The configuration of the communication terminal apparatus according to the present embodiment is the same as that of communication terminal apparatus 700 shown in FIG. However, the line quality information generation unit 701 of the communication terminal device 700 stores a plurality of MCS tables as shown in FIG. Each MCS table shown in FIG. 8 indicates a SINR range to which each MCS level is assigned, and the ranges are different from each other. For example, the SINR range to which MCS2 is assigned in the MCS table 1 is a range that is greater than or equal to TH11 and smaller than TH12. The SINR range that is assigned to the MCS2 in the MCS table 2 is greater than TH21 and less than TH22, also delta 11 dB less than TH11, TH22 also delta 12 dB less than TH12.

  The channel quality information generation unit 701 selects an MCS table based on the number of repetitions of the error correction decoding process, and determines the MCS level requested to the base station apparatus 100 based on the selected MCS table based on the measured SINR value. To do. For example, the line quality information generation unit 701 selects the MCS table 3 if the number of repetitions is 1 to 3, selects the MCS table 2 if it is 4 to 6, and selects the MCS table 1 if it is 7 or more. To do.

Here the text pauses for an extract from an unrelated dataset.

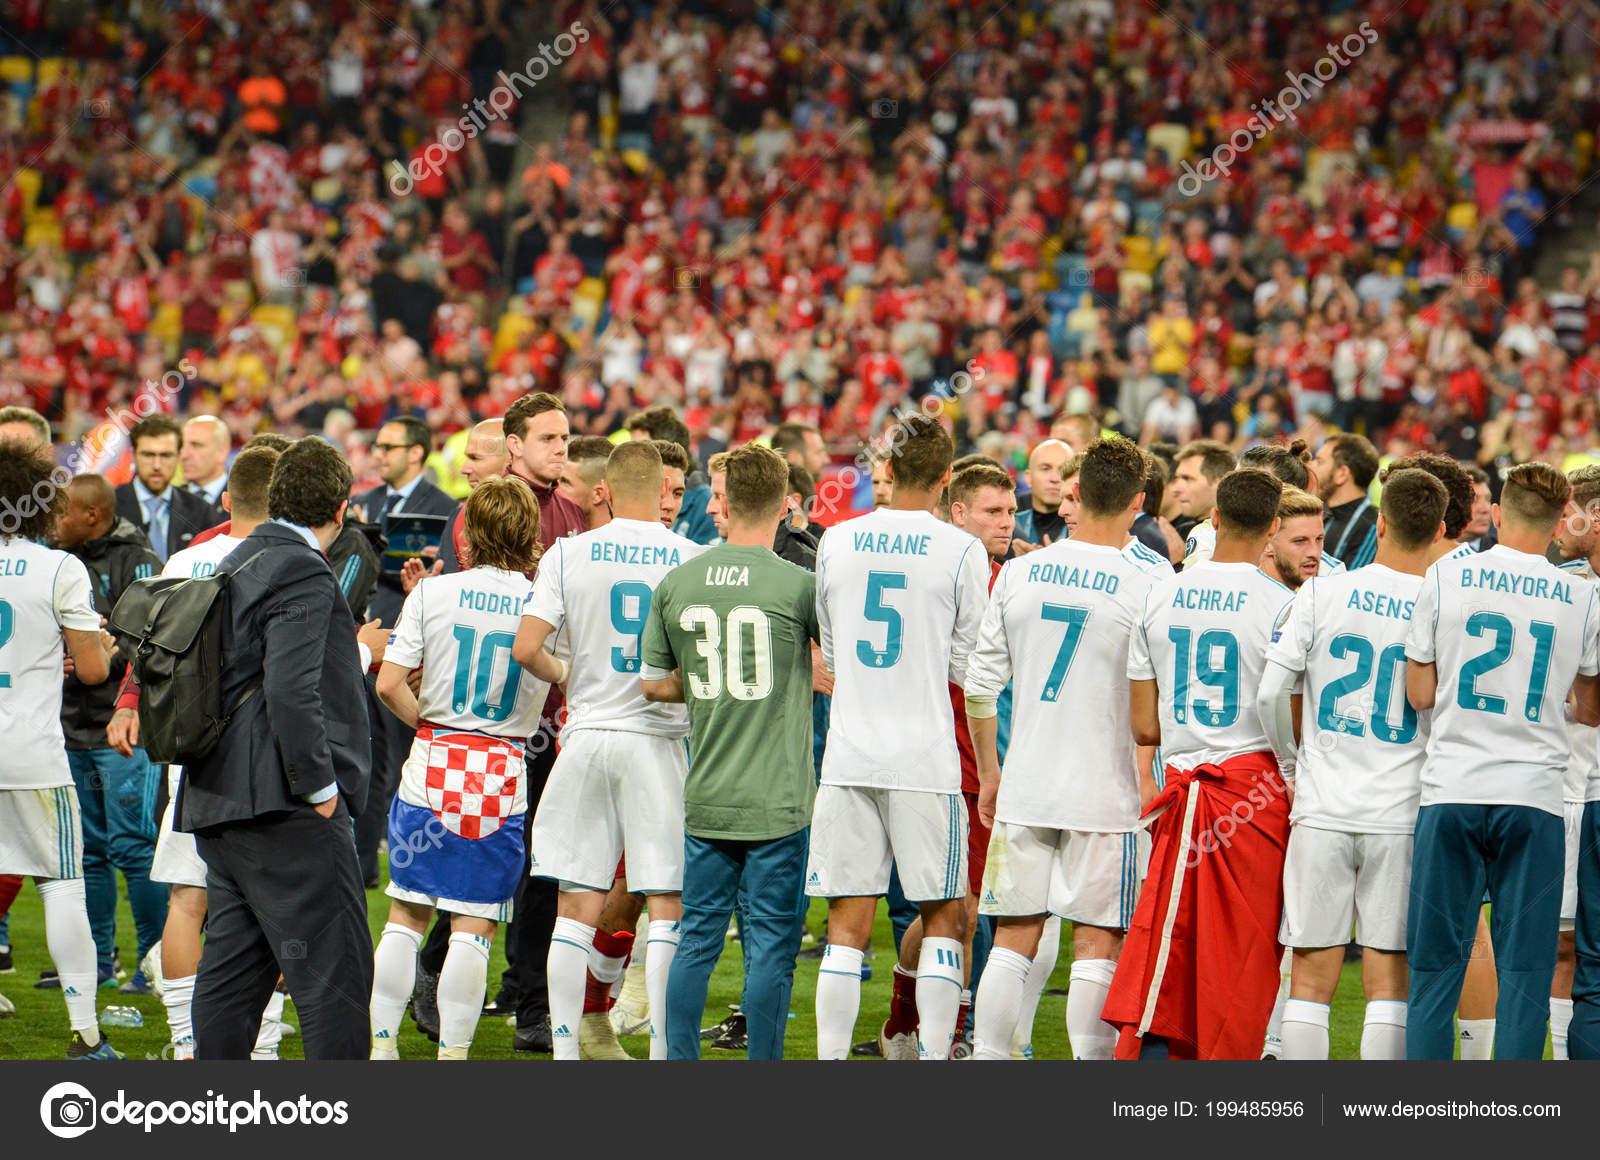 Реал мадрид футболисты фото

  As described above, according to the present embodiment, the base station apparatus selects the table for determining the MCS level required by the communication terminal apparatus from the base station apparatus based on the number of repetitions of the error correction decoding process. Can select the optimal MCS level and determine the modulation scheme and coding rate.

  In the fourth embodiment, the MCS level required for the base station apparatus can be corrected based on the number of repetitions of error correction decoding processing and the allowable delay amount so as to correspond to the second embodiment.

(Embodiment 5)
In the fifth embodiment, a case will be described in which a communication terminal apparatus serving as a data transmission destination is assigned in consideration of repetition number information in addition to line quality information. The configurations of the base station apparatus and communication terminal apparatus of the present embodiment are the same as those of base station apparatus 100 of FIG. 1 and communication terminal apparatus 200 of FIG.

  Next, a method for allocating communication terminal apparatuses serving as data transmission destinations in scheduling section 151 of base station apparatus 100 according to the present embodiment will be described in detail with reference to the flowchart of FIG.

  First, the scheduling unit 151 receives ACK information for each communication terminal apparatus (S901: YES), and the number of repetitions of the error correction decoding process indicated in the repetition number information is greater than a predetermined threshold. When the number is low (S902: YES), the priority of resource allocation is lowered (S903). On the other hand, if the scheduling unit 151 has received NACK information in S901 (S901: NO), or if the number of repetitions of the error correction decoding process indicated in the repetition number information in S902 is greater than or equal to a predetermined threshold value (S902: NO), the priority of resource allocation is maintained (S904).

  Then, the scheduling unit 151 performs the processing of S901 to S904 for all the communication terminal devices (S905 to S908), compares the MCS levels among the communication terminal devices in which the priority is maintained, for example, the most MCS A communication terminal device having a high level is assigned as a data transmission destination (S909).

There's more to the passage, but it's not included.